Profitability — Multi-Year Trend
Looking at the annual data, Teradyne's profitability followed a clear arc: gross margins have been stable and improving, moving from 57.4% in FY 2023 to 58.5% in FY 2024 before easing slightly to 58.2% in FY 2025. Operating and net margins dipped in FY 2025 relative to FY 2024's peak, though both remain healthy for an industrial technology company. EBITDA has grown consistently each year, rising 27% from FY 2023 to FY 2025, indicating real underlying earnings growth even as margins fluctuate modestly.
| Year | Gross Margin | Operating Margin | Net Margin | EBITDA |
|---|---|---|---|---|
| FY 2023 | 57.4% | 18.7% | 16.8% | $612.0M |
| FY 2024 | 58.5% | 21.1% | 19.2% | $713.5M |
| FY 2025 | 58.2% | 20.4% | 17.4% | $778.0M |
Financial Health
Teradyne's balance sheet shows some noteworthy changes over the three-year window. The current ratio declined from a very comfortable 3.28x at the end of FY 2023 to 1.75x at the end of FY 2025 — still above 1.0x and therefore solvent in the short term, but the downward trend is worth monitoring.

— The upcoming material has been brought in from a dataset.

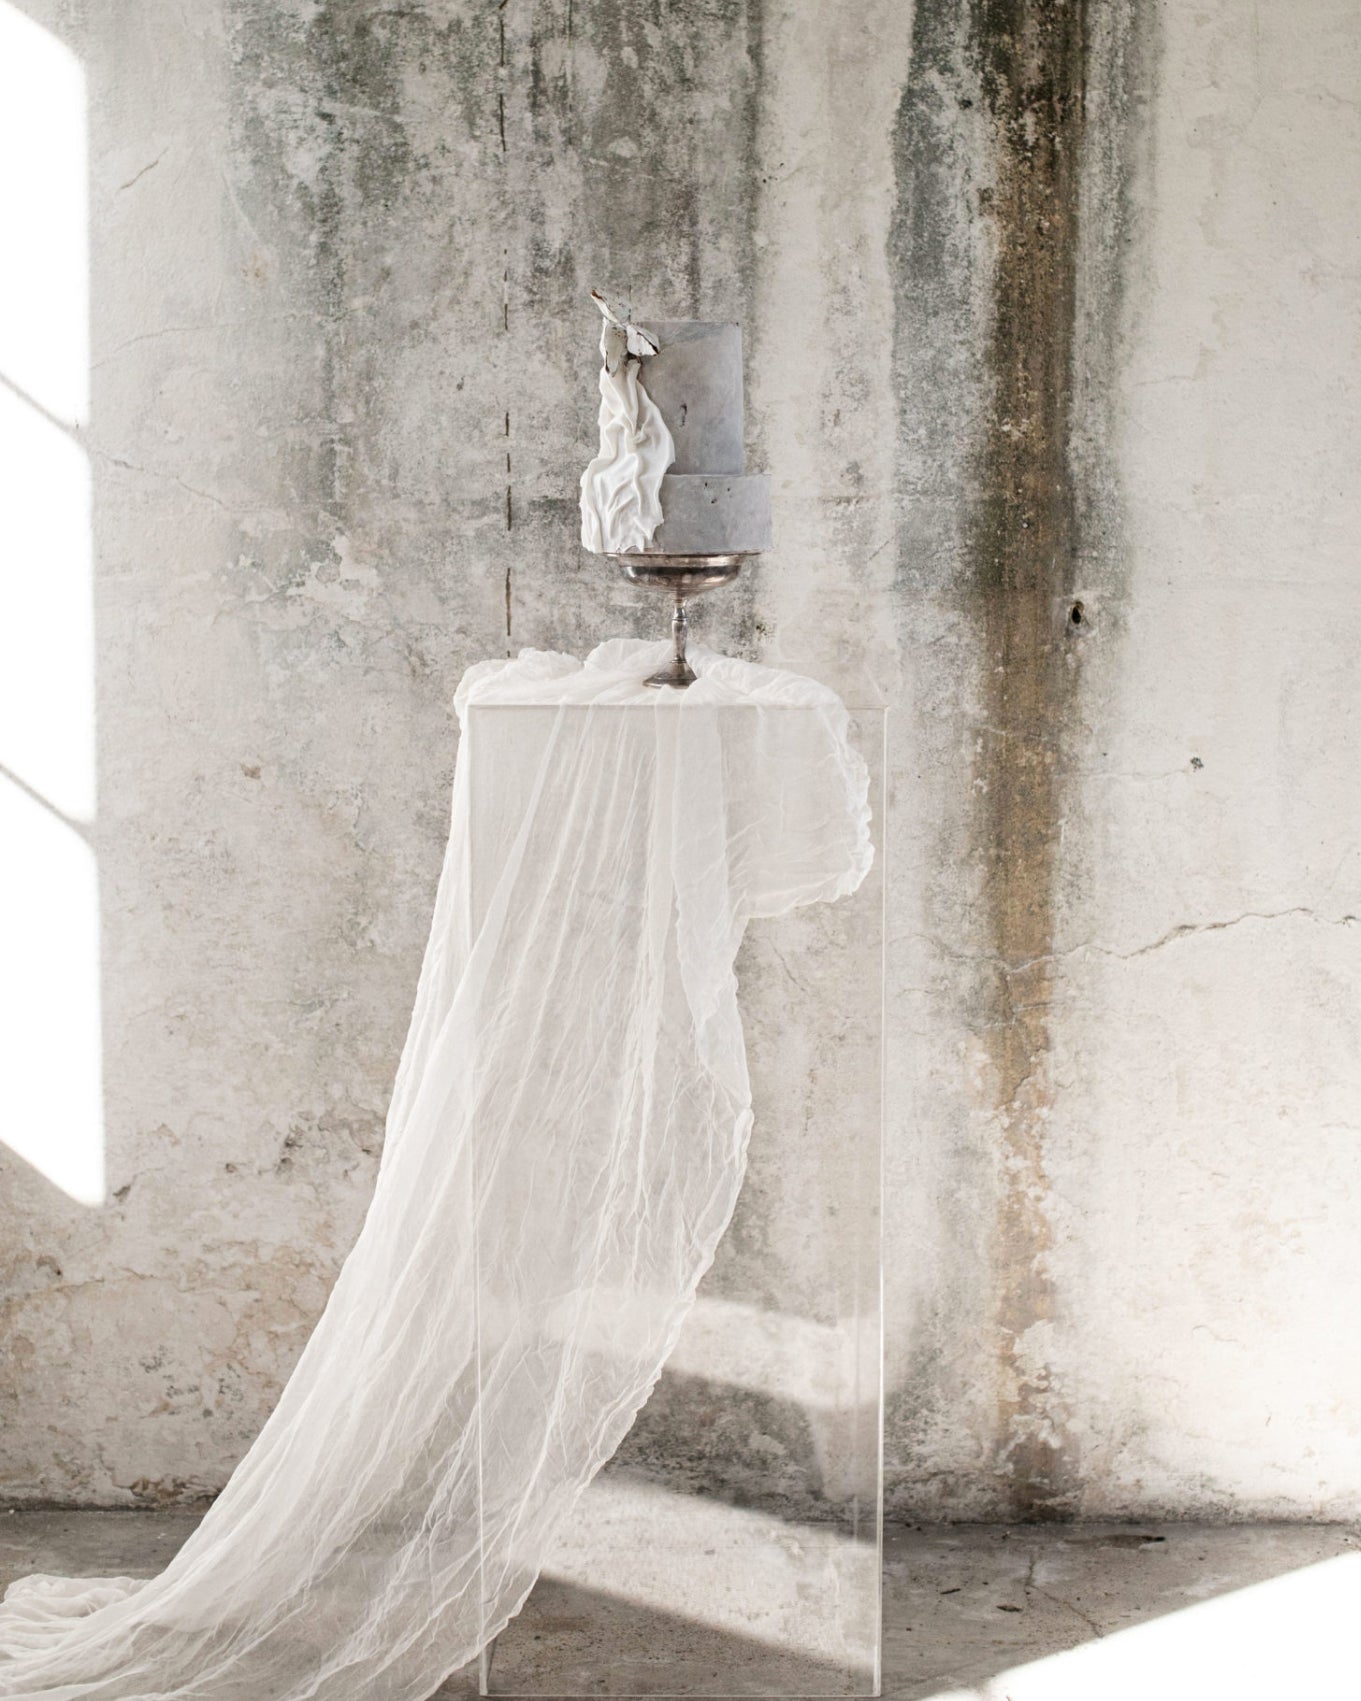 white sheer silk draping from a pedestal display with wedding cake by Marina Machado 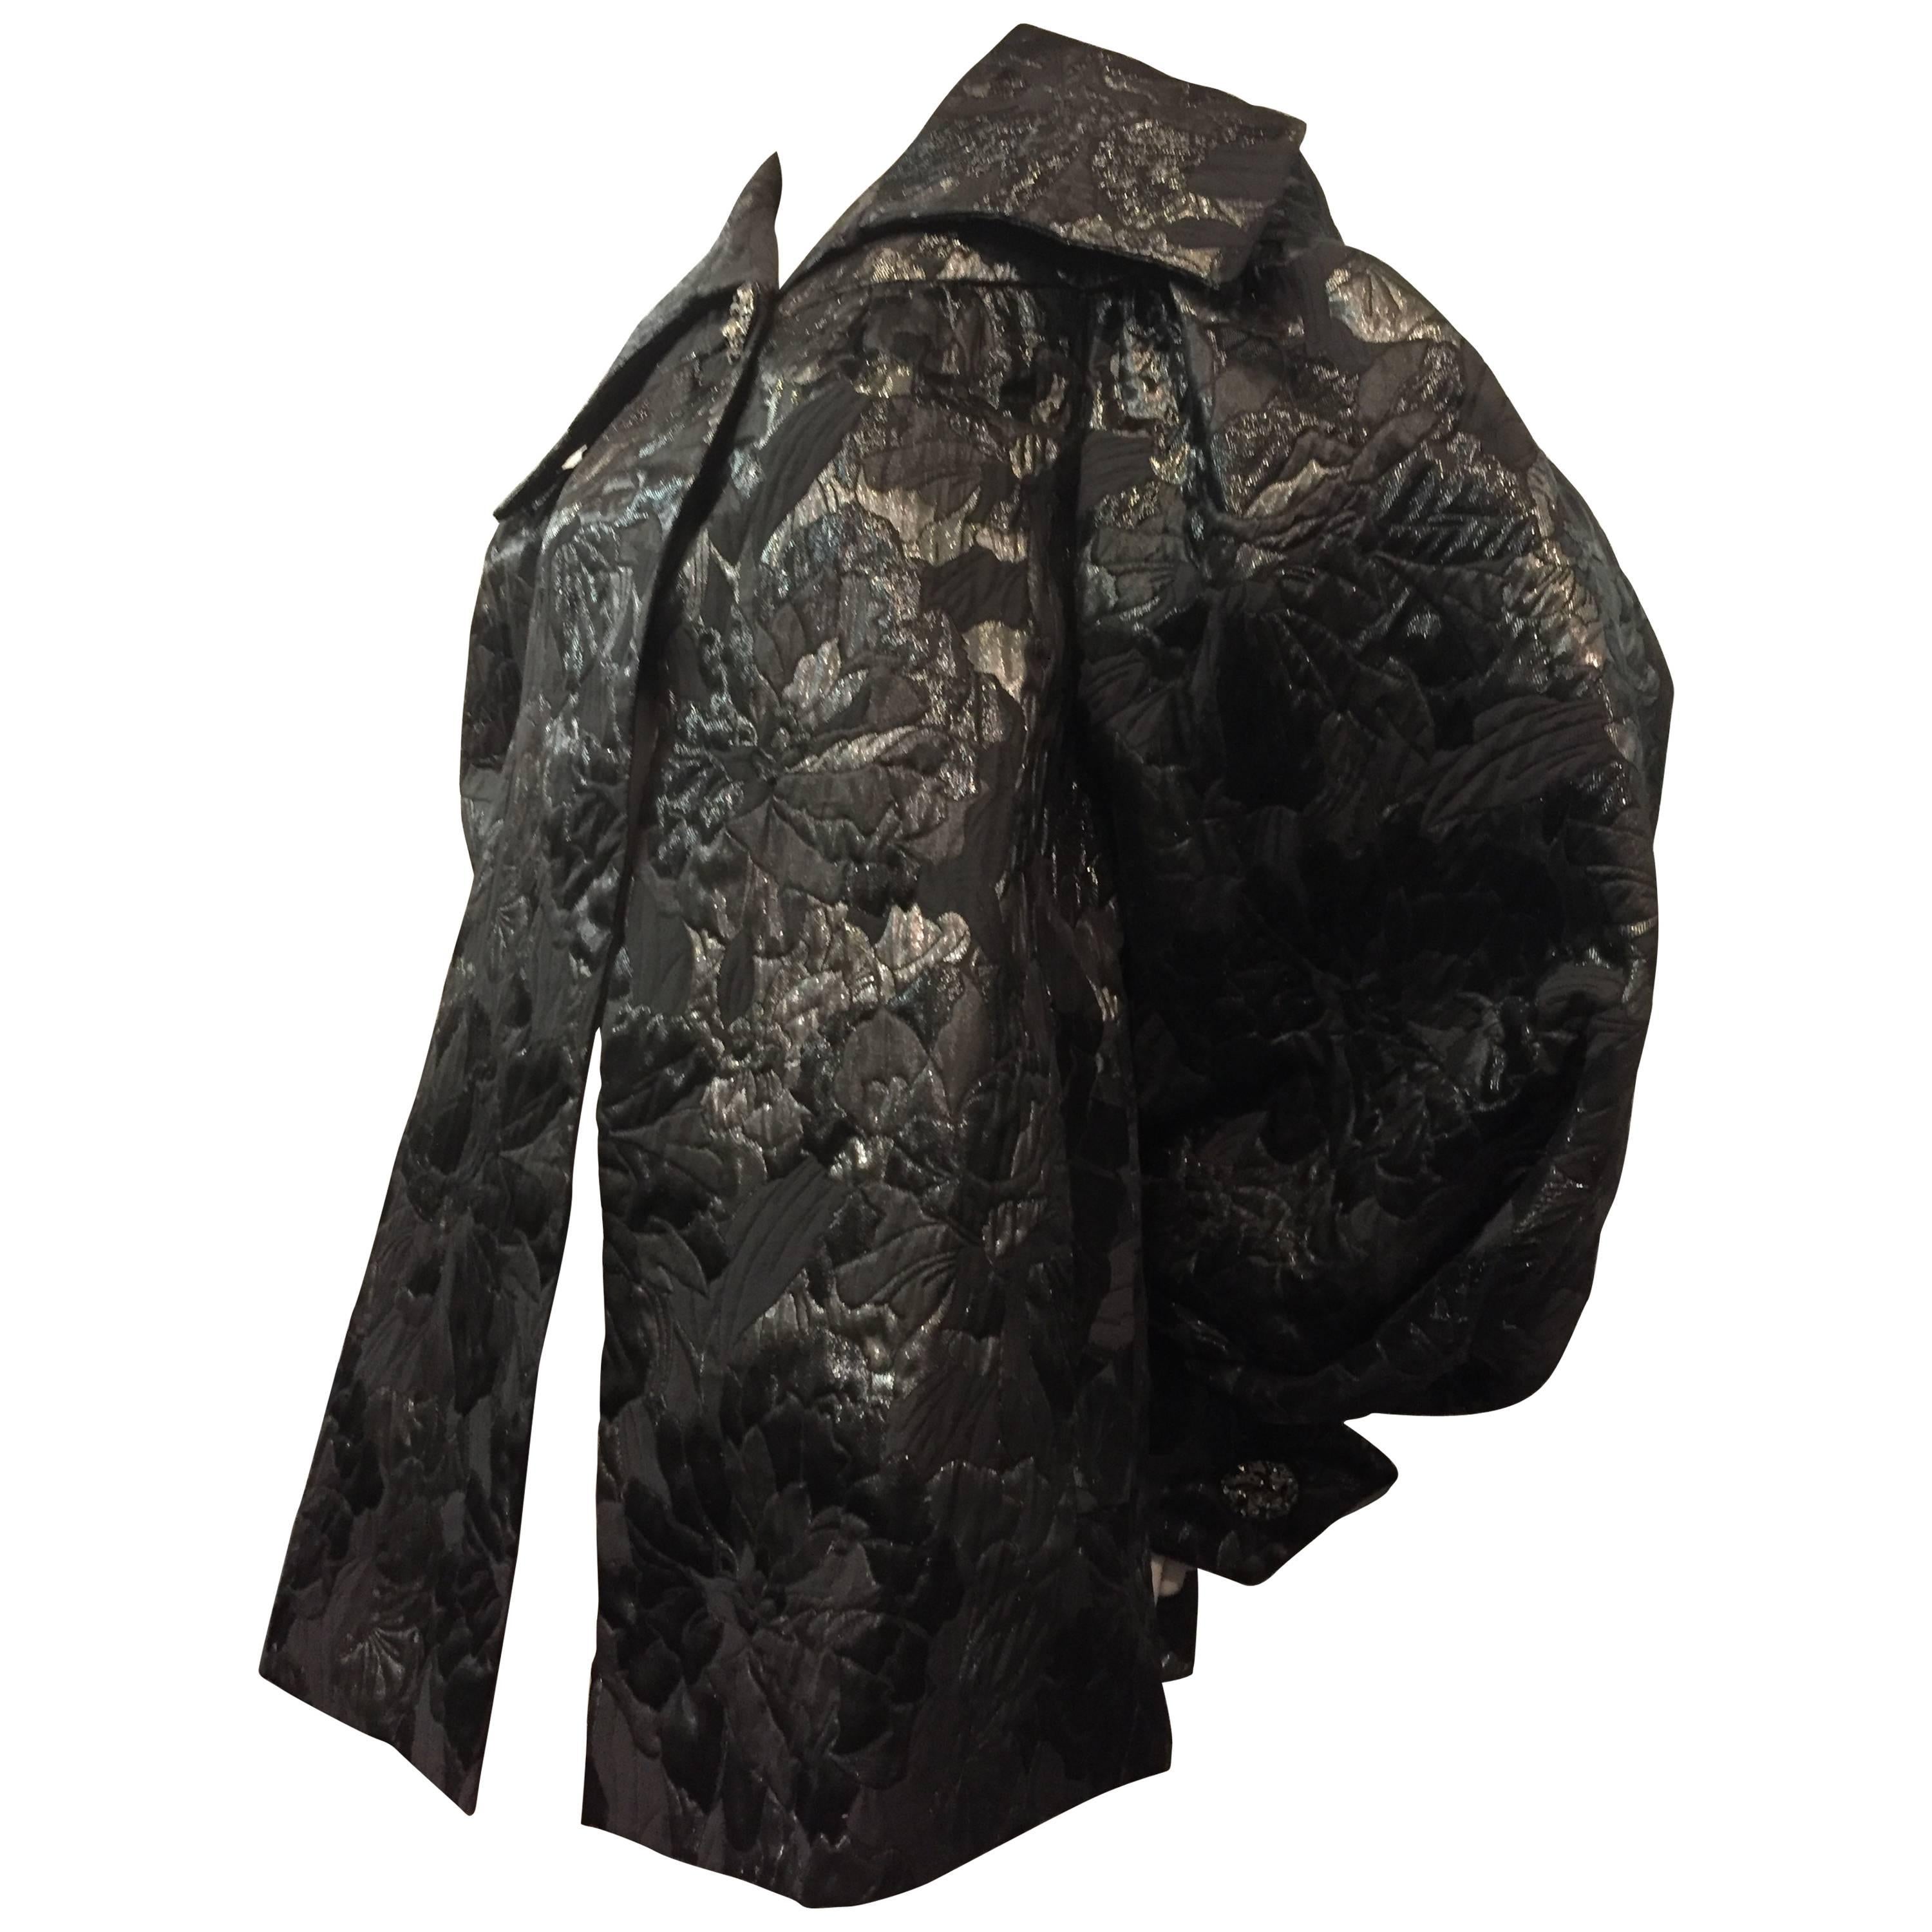 1980s Paul-Louis Orrier 1950s-Inspired Black and Gunmetal Brocade Swing Coat

The Q1 2026 current ratio recovered to 2.15x, suggesting the year-end 2025 figure may have reflected timing around cash deployment or share repurchases rather than a structural deterioration.
Debt-to-equity rose from 0.38x in FY 2023 to 0.50x in FY 2025, then moderated slightly to 0.41x in Q1 2026. Teradyne carries manageable leverage — it is not a heavily indebted company — but investors should note the gradual increase in leverage over the annual period.
| Period | Current Ratio | Debt-to-Equity |
|---|---|---|
| FY 2023 | 3.28x | 0.38x |
| FY 2024 | 2.91x | 0.32x |
| FY 2025 | 1.75x | 0.50x |
| Q1 2026 | 2.15x | 0.41x |
Growth
Revenue growth has been consistent if not explosive on an annual basis: +5.4% from FY 2023 to FY 2024, and +13.1% from FY 2024 to FY 2025. The FY 2025 acceleration is encouraging and aligns with broad industry commentary about renewed investment in advanced semiconductor test tied to AI chip proliferation. On a trailing basis, the single Q1 2026 quarter alone generated $1.28 billion in revenue — equal to roughly 40% of full-year FY 2025 revenue — which, if sustained, would imply a significant step-up in annual run rate.
| Period | Revenue | YoY Growth |
|---|---|---|
| FY 2023 | $2.68B | — |
| FY 2024 | $2.82B | +5.4% |
| FY 2025 | $3.19B | +13.1% |
| Q1 2026 (single quarter) | $1.28B | N/A (quarterly) |
Plain English Summary
Teradyne is a well-run, high-margin technology company that makes the machines used to test semiconductors and other electronics — a business that quietly sits at the heart of how every chip gets verified before it ships. Over the past three fiscal years, the company has grown revenue steadily, kept gross margins above 57%, and turned a meaningful portion of sales into cash earnings. Its balance sheet is conservatively leveraged, and while the current ratio dipped at year-end 2025, it bounced back in the most recent quarter. The standout data point here is Q1 2026: in just one quarter, Teradyne posted margins — operating margin of 37%, net margin of 31% — that were nearly double its recent annual norms. That kind of result typically reflects either unusually strong demand (AI-related semiconductor test spending is a plausible driver) or some non-recurring benefit, and it deserves a close read of the actual 10-Q filing. Overall, the fundamental picture is of a company in good health, with a durable competitive position, improving revenue trajectory, and a potentially very strong start to 2026.